*** Block opens ***

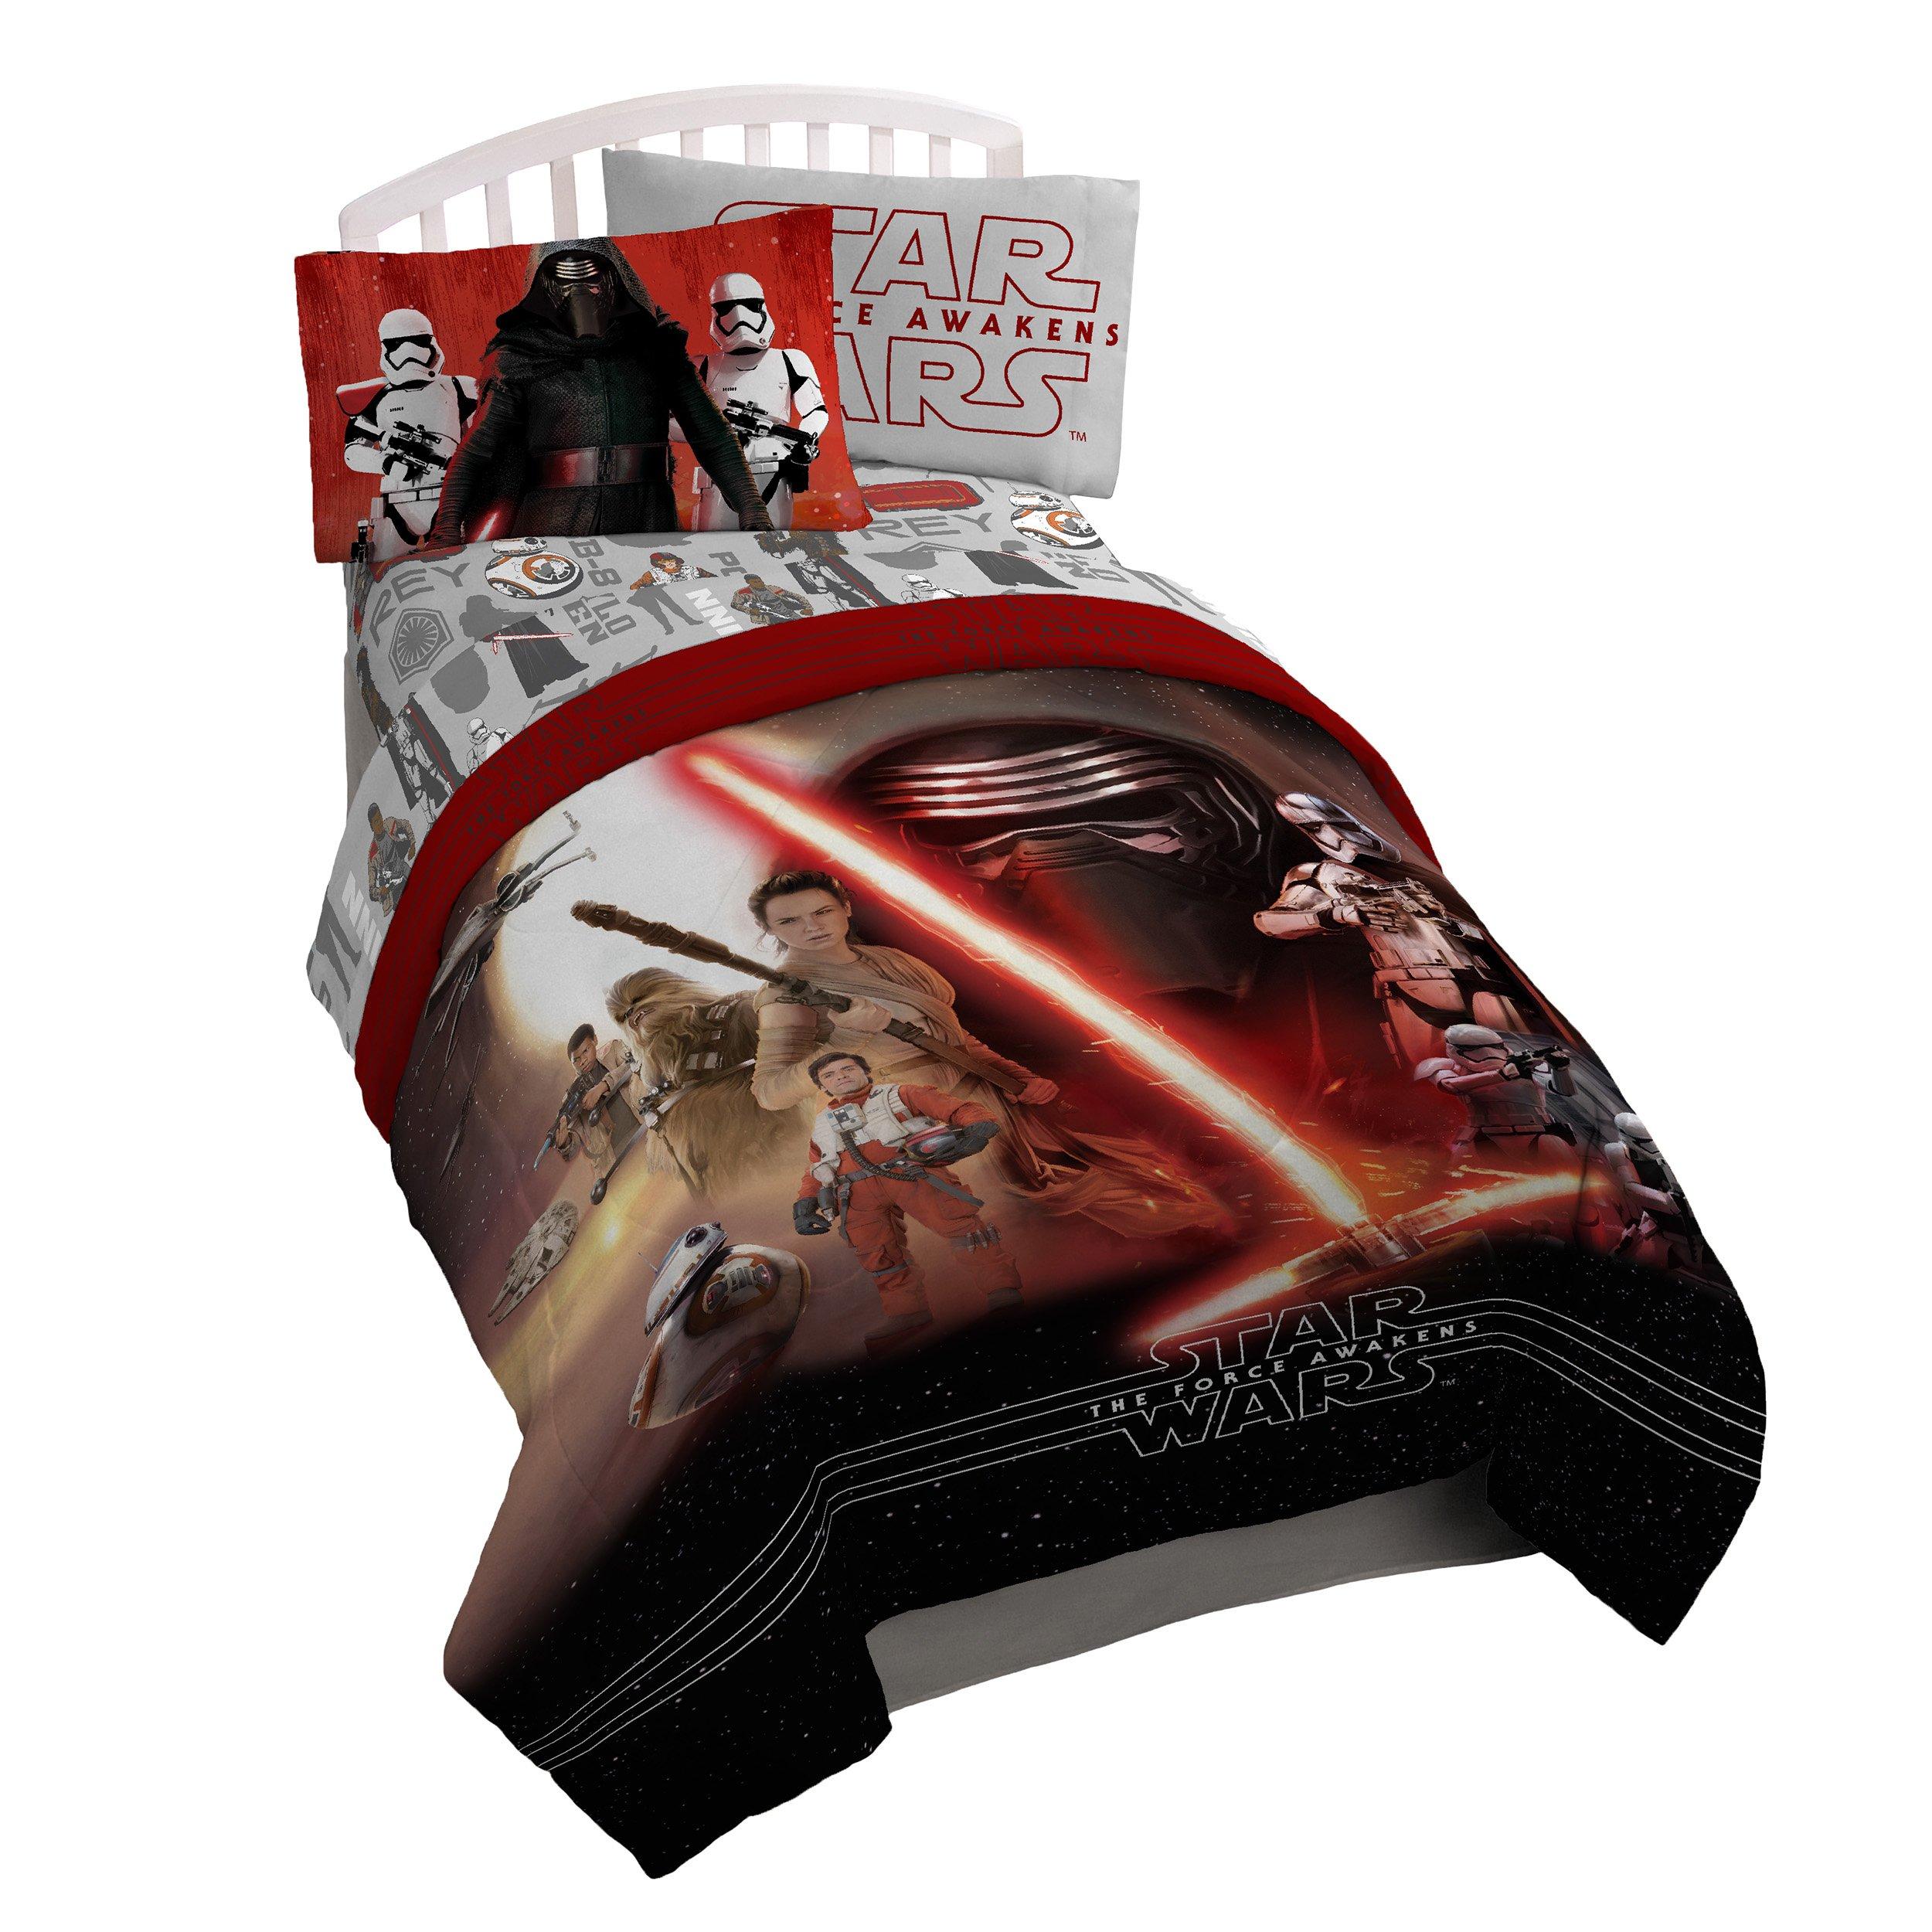 Star Wars Ep7 Force Awakens Twin/Full Reversible Comforter
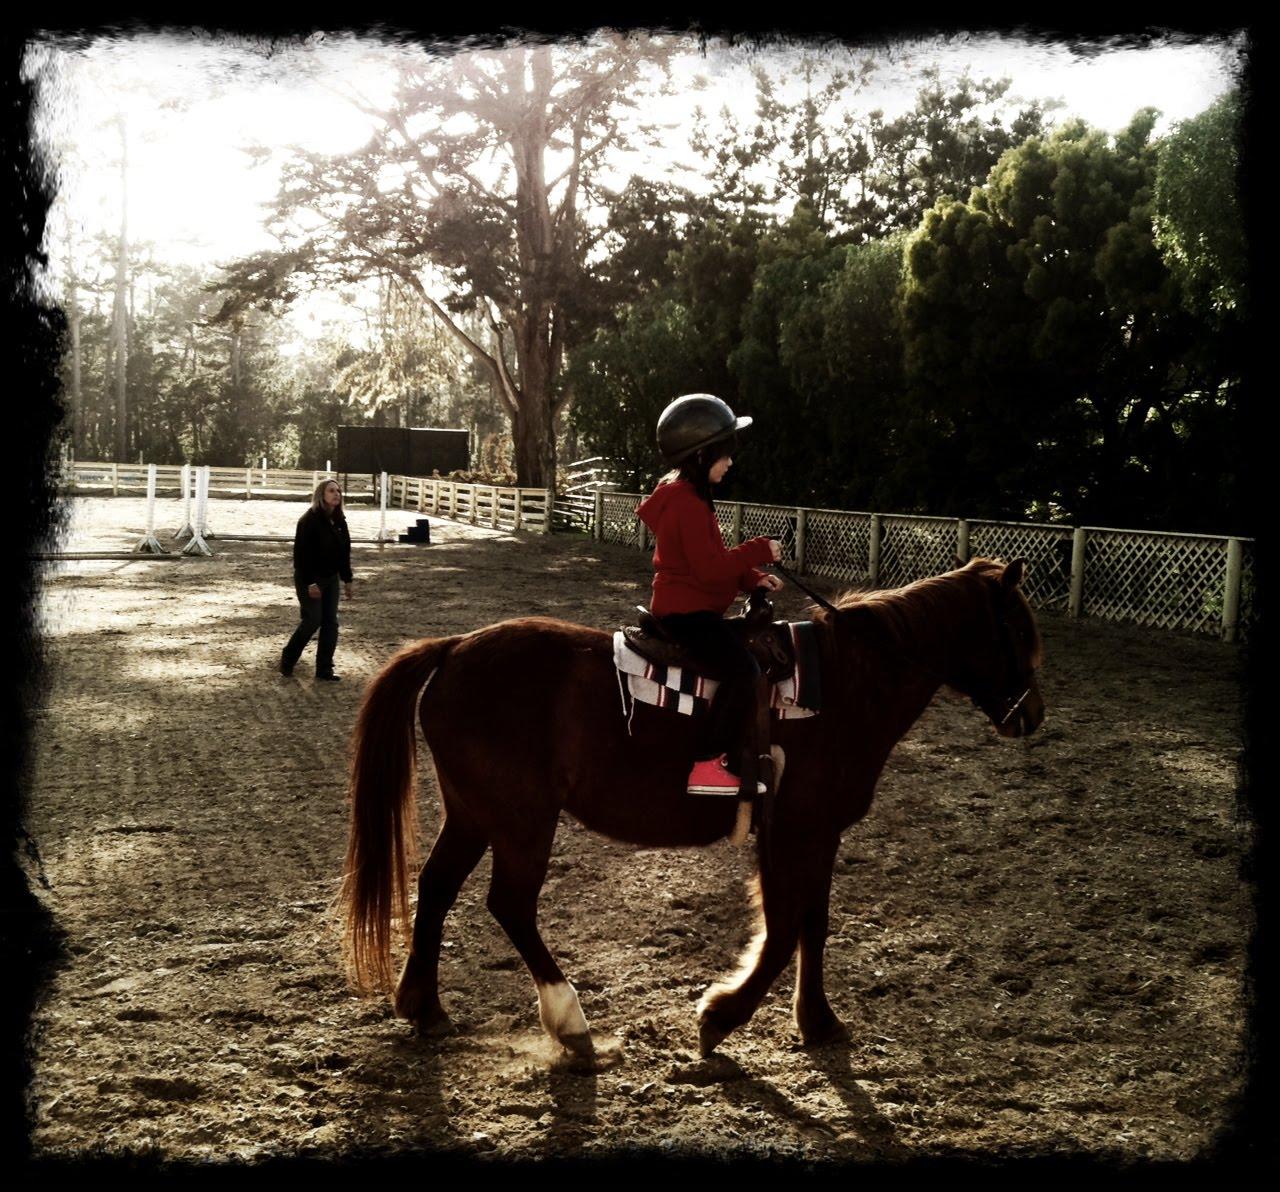 pebble beach equestrian center
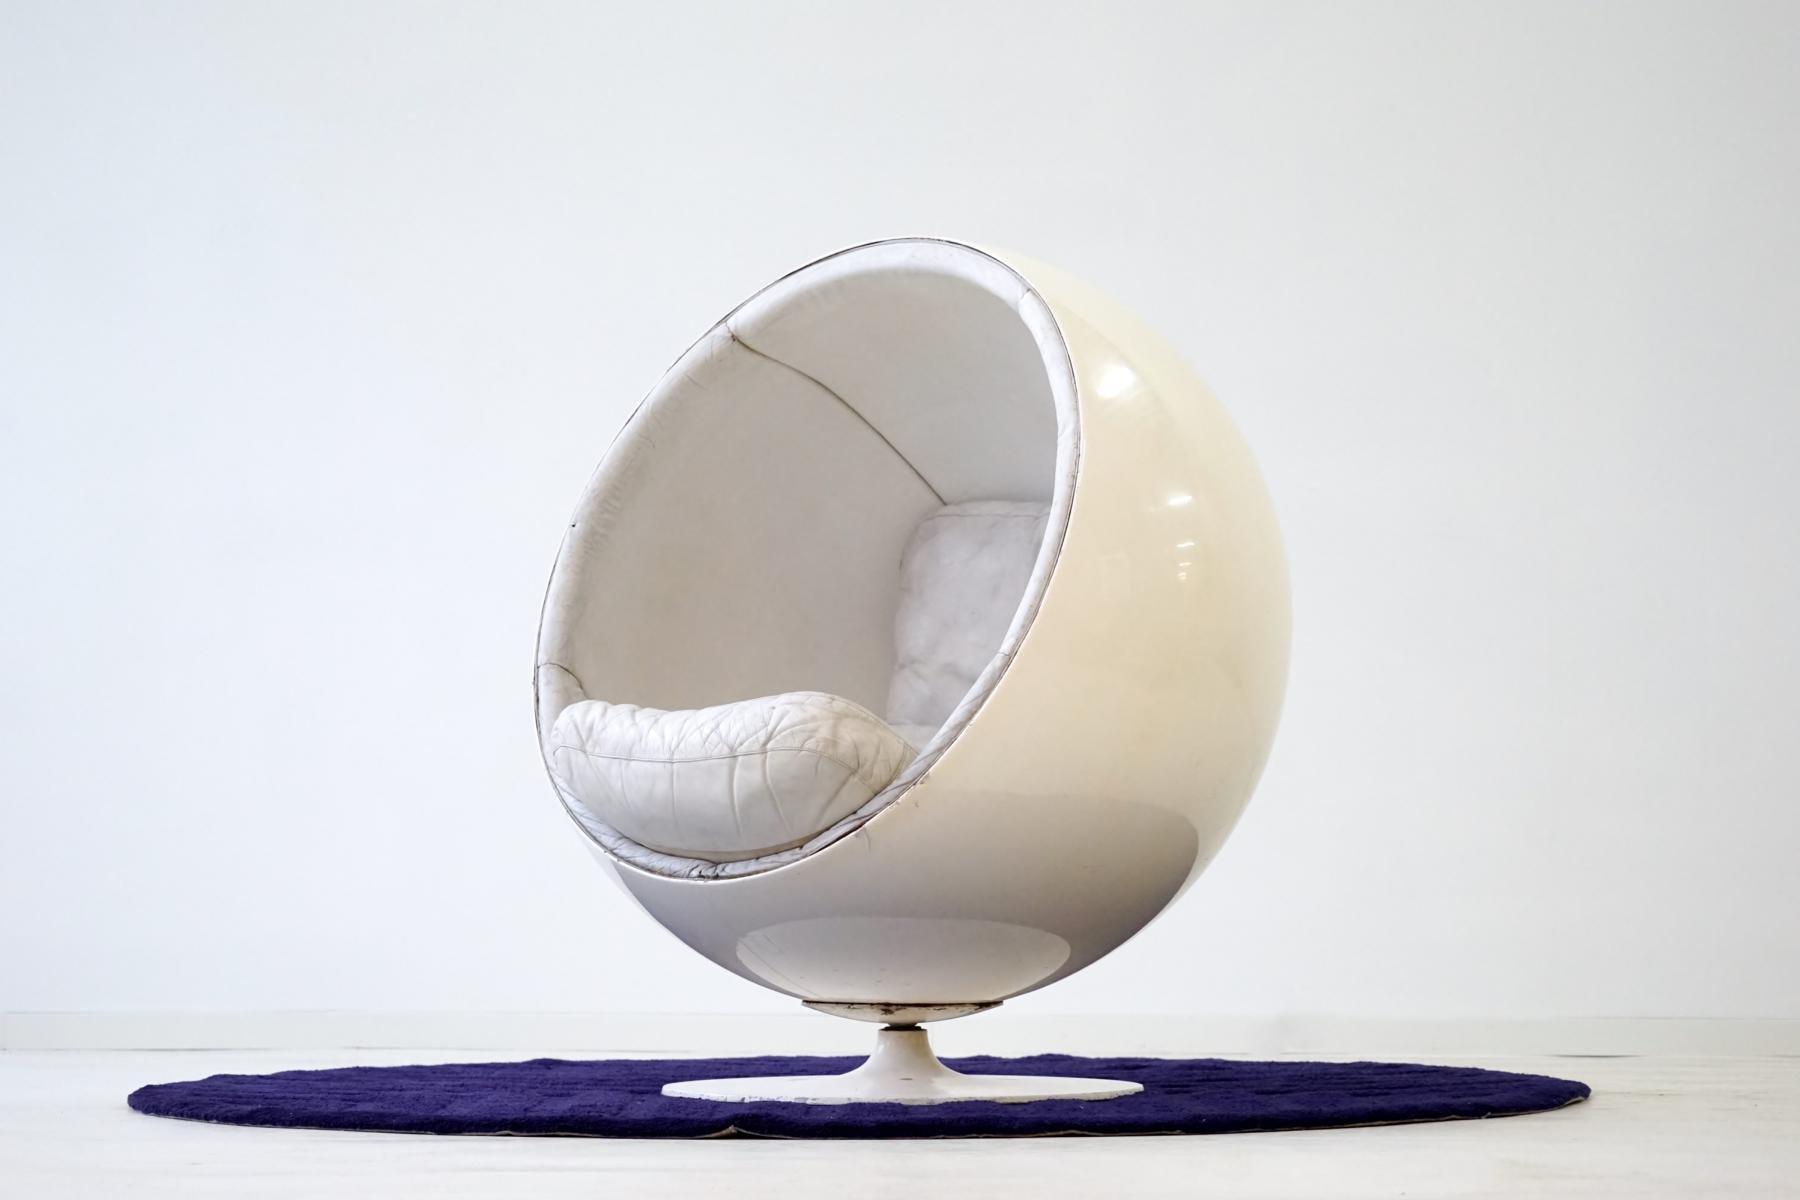 Fresh Eero Aarnio Ball Chair Scheme

*** Block closes ***

**Task instructions:** Lines before the one containing "pebble beach equestrian center" are not wanted; write out that line and every later line through the end of the data above, exactly, without pictures.

**Reply:**
 pebble beach equestrian center
 Fresh Eero Aarnio Ball Chair Scheme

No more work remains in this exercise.